In a vector space you have two operations:

  • addition between vector

  • scalar multiplication

So in cutil_math we must found vector + vector, vector - vector, scalarvector (if we want vectorscalar), vector/scalar.

vector/vector, vector ± scalar should disappear.

Obviously beside that we can define a set of useful functions:

dot product, length (norm), normalize, cross product for 3D case

and not forget that we have also doubles.

I am not sure to understand the question. There is no vector*vector operation so no inverse operation.
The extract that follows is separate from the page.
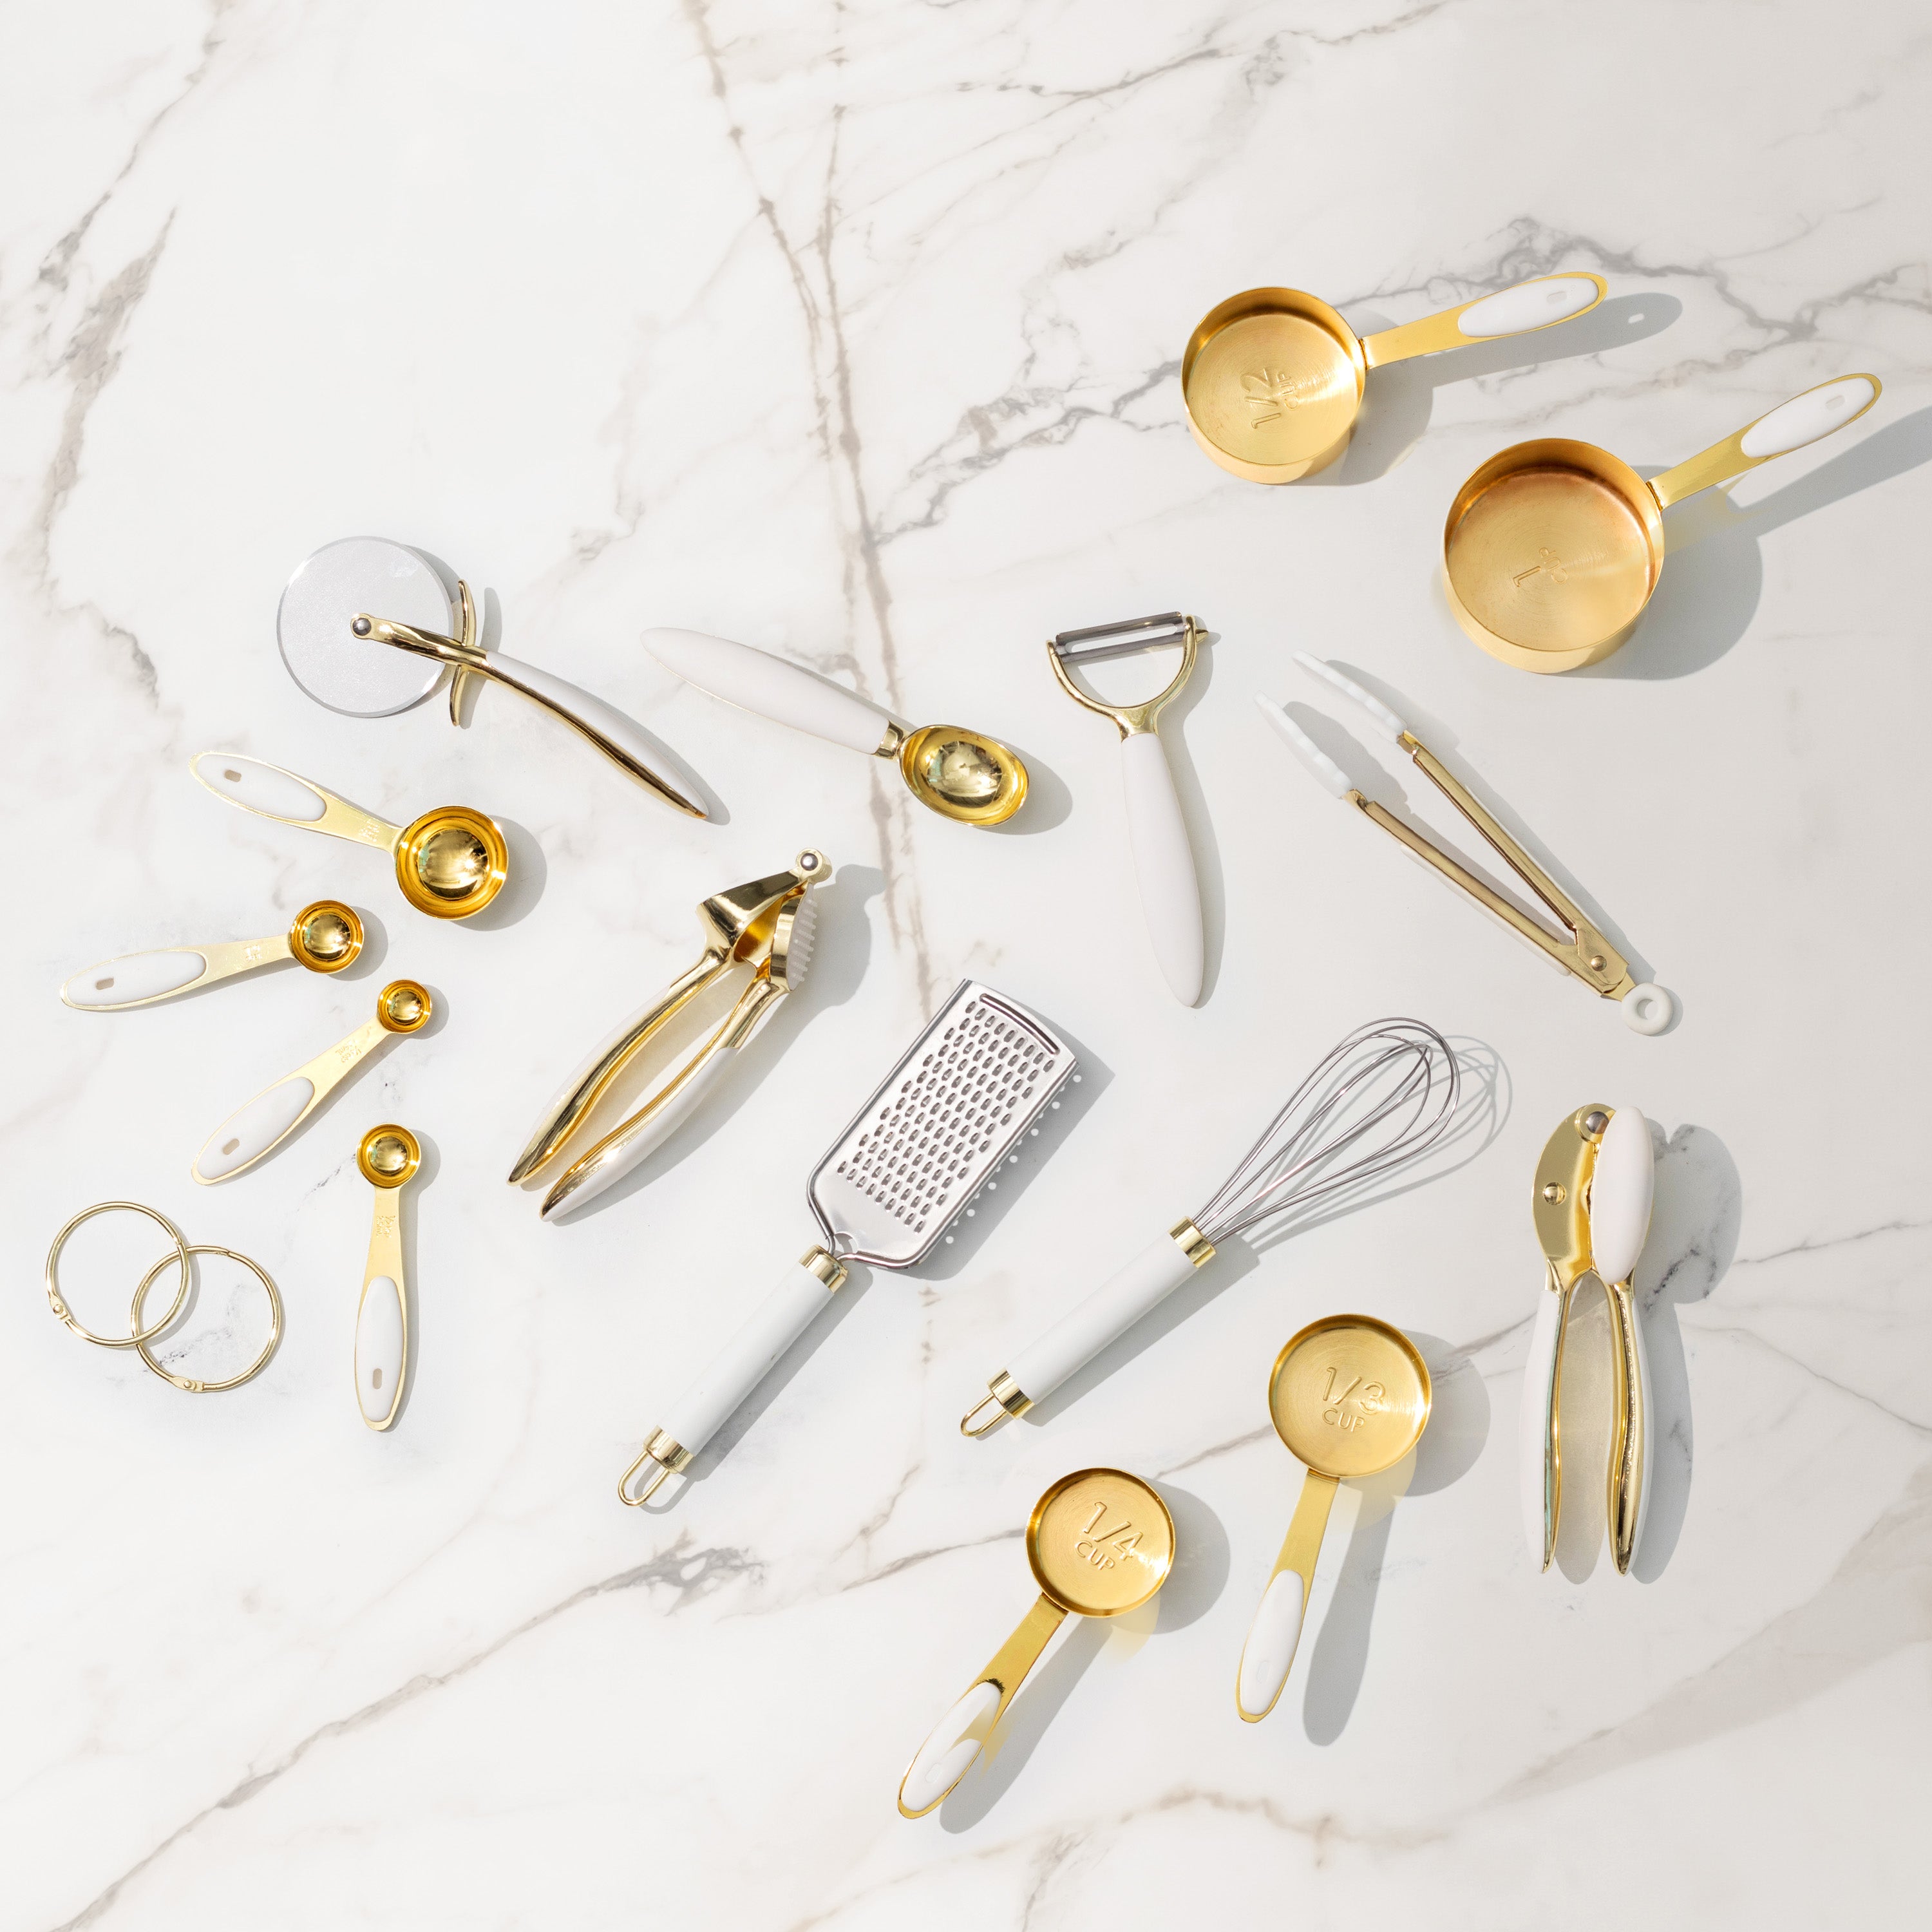 White and Gold Kitchen Tools Set - Styled Settings

If you are talking about

the scalar*vector operation, it’s not an internal law of the vector space and in case of a real vector space this law inherits the properties of the multiplication of reals, so no problem : vector/scalar = (1/scalar)*vector.

For me your cutil_math will be perfect if you remove the non algebraic operators and add the double cases.

BTW in all this discussion my point was that we can define what we want in a function, but operators must be valid mathematical


Thanks for the bug report, I’ll update cutil_math.h.

As we’ve mentioned many times before, cutil only exists for the convenience of the SDK samples, we don’t recommend using it in production code.

It would be nice if basic mathematical operations on float2 and float3 could be provided by NVIDIA - I suspect that lots of us have our own little headers to do this (plus scalar and vector products). Also, it would be good if float2 and double2 ‘knew’ about each other in the way that floats and doubles ‘know’ about each other - last time I checked (which may be a while ago), you couldn’t assign a float2 variable to a double2 variable.

This said, I imagine things could get sticky with complex numbers, since I understand that cuFloatComplex is just a typedef of float2.